On motion, a bill, "An Act To Amend The Loan And Guarantee Act, 1957," read a first, second and third time, ordered passed and its title be as on the Order Paper. (Bill 48)

MR. SPEAKER: The hon. the Government House Leader.

MR. SULLIVAN: Thank you, Mr. Speaker.

There has been an agreement reached with the Opposition, the Official Opposition and the Leader of the New Democratic Party, that on Thursday the Official Opposition have asked that the House not sit, to be able to respect their right to be able to attend a national convention. Hopefully, we can straighten out that national party there and straighten up the mess that is there in Ottawa. We wish them well in that endeavour.

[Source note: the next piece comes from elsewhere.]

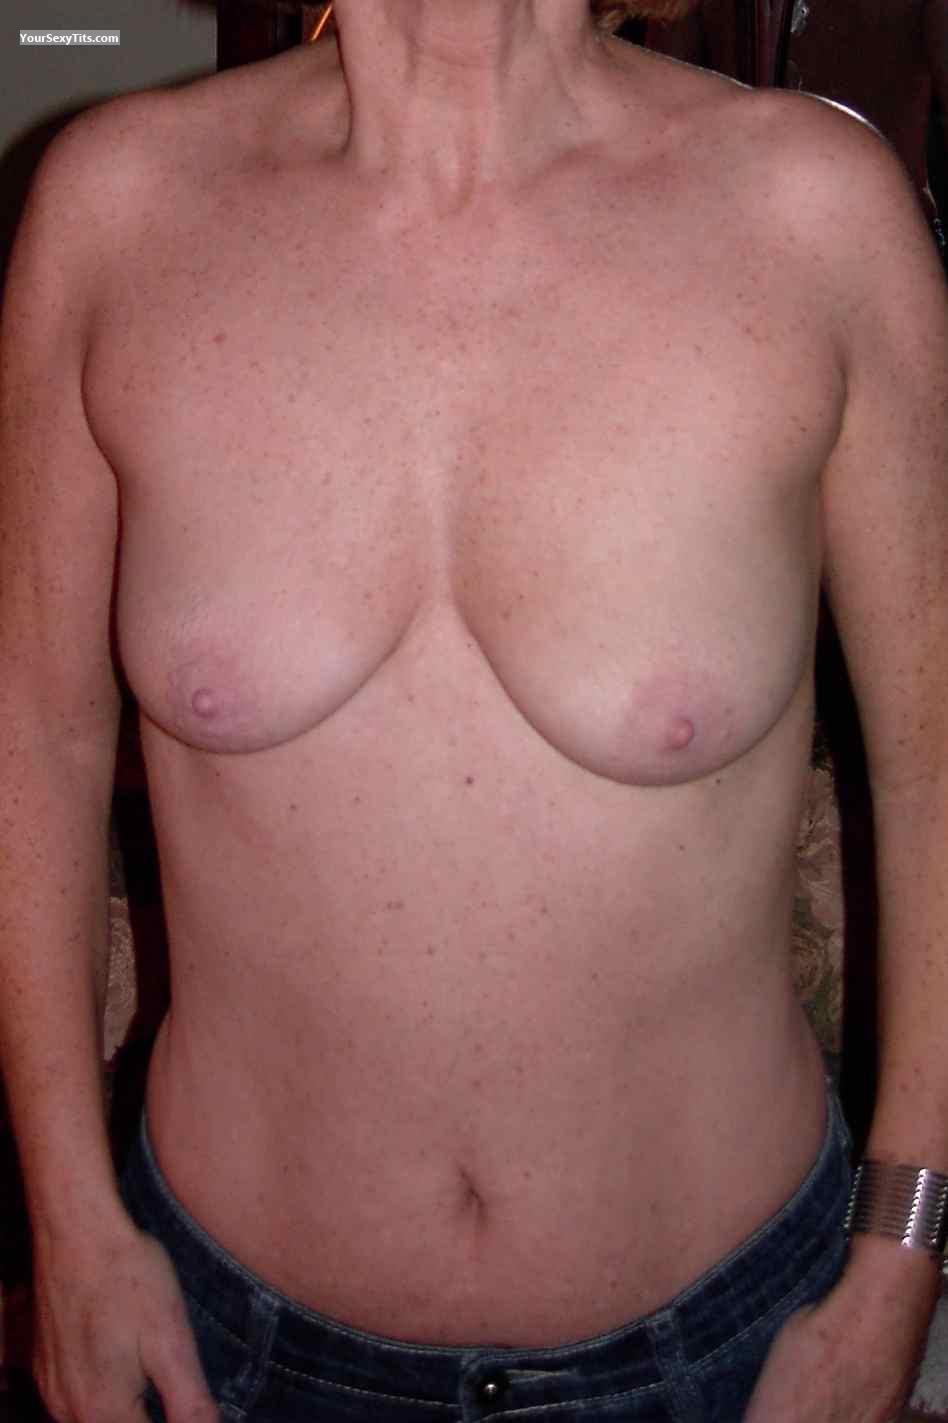 Small Tits - Pale Nipples from Canada Tit Flash ID 24518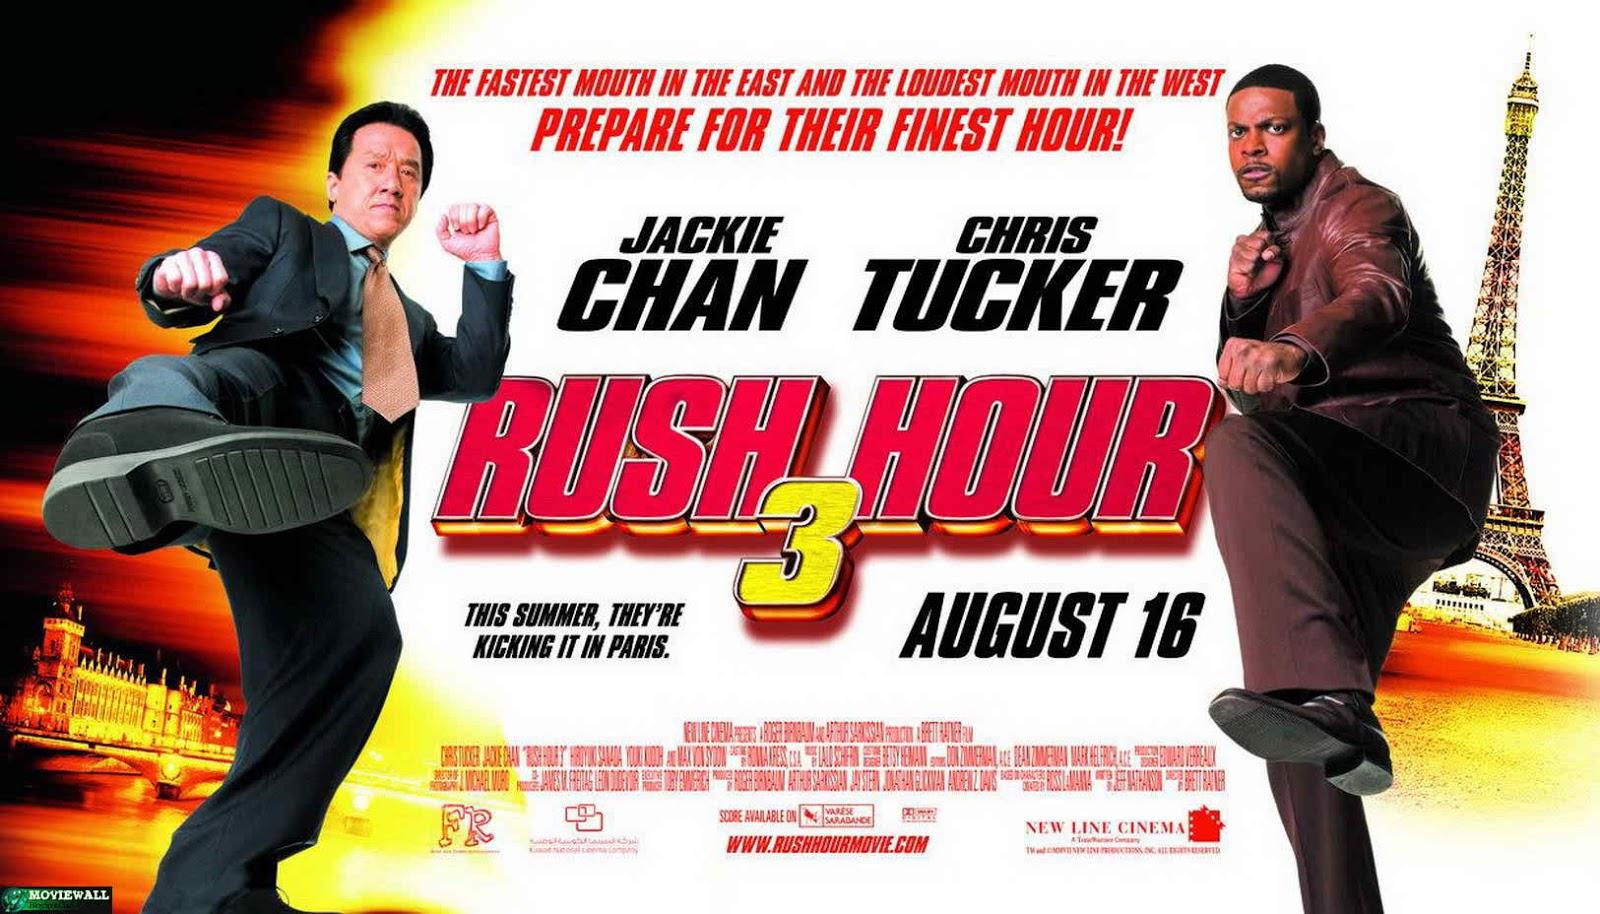 Rush hour 3 full movie download in hindi filmywap

MR. JOYCE: (Inaudible) is going to be campaigning before the next election.

MR. SULLIVAN: That is even more so. They should be guaranteed a victory, I will say to the member, then. They should be guaranteed a victory.

Mr. Speaker, it was further agreed that on tomorrow, Wednesday, instead of Private Members' Day, we would do regular government business. The House would reconvene at 2:00 p.m., on the normal time for Wednesday.

Just to give a little heads-up, where it is, I guess, a different than normal course, we will bring for debate tomorrow Bill 51, An Act To Amend The Securities Act No. 2. Also, we will debate the resolution introduced by my friend, the Minister of Justice, today dealing with the Newfoundland and Labrador Provincial Court Judges' Salary and Benefits Tribunal, so we can deal with these tomorrow.

With that, Mr. Speaker, I move that the House do now adjourn.

MR. SPEAKER: It is moved and seconded that this House do now adjourn until tomorrow, Wednesday, November 29, at 2:00 o'clock in the afternoon.

All those in favour, ‘aye'.

SOME HON. MEMBERS: Aye.

MR. SPEAKER: All those against, ‘nay'.

The motion is carried and this House now stands adjourned until tomorrow, November 29, at 2:00 o'clock in the afternoon.

On motion, the House at its rising adjourned until tomorrow, Wednesday, at 2:00 p.m.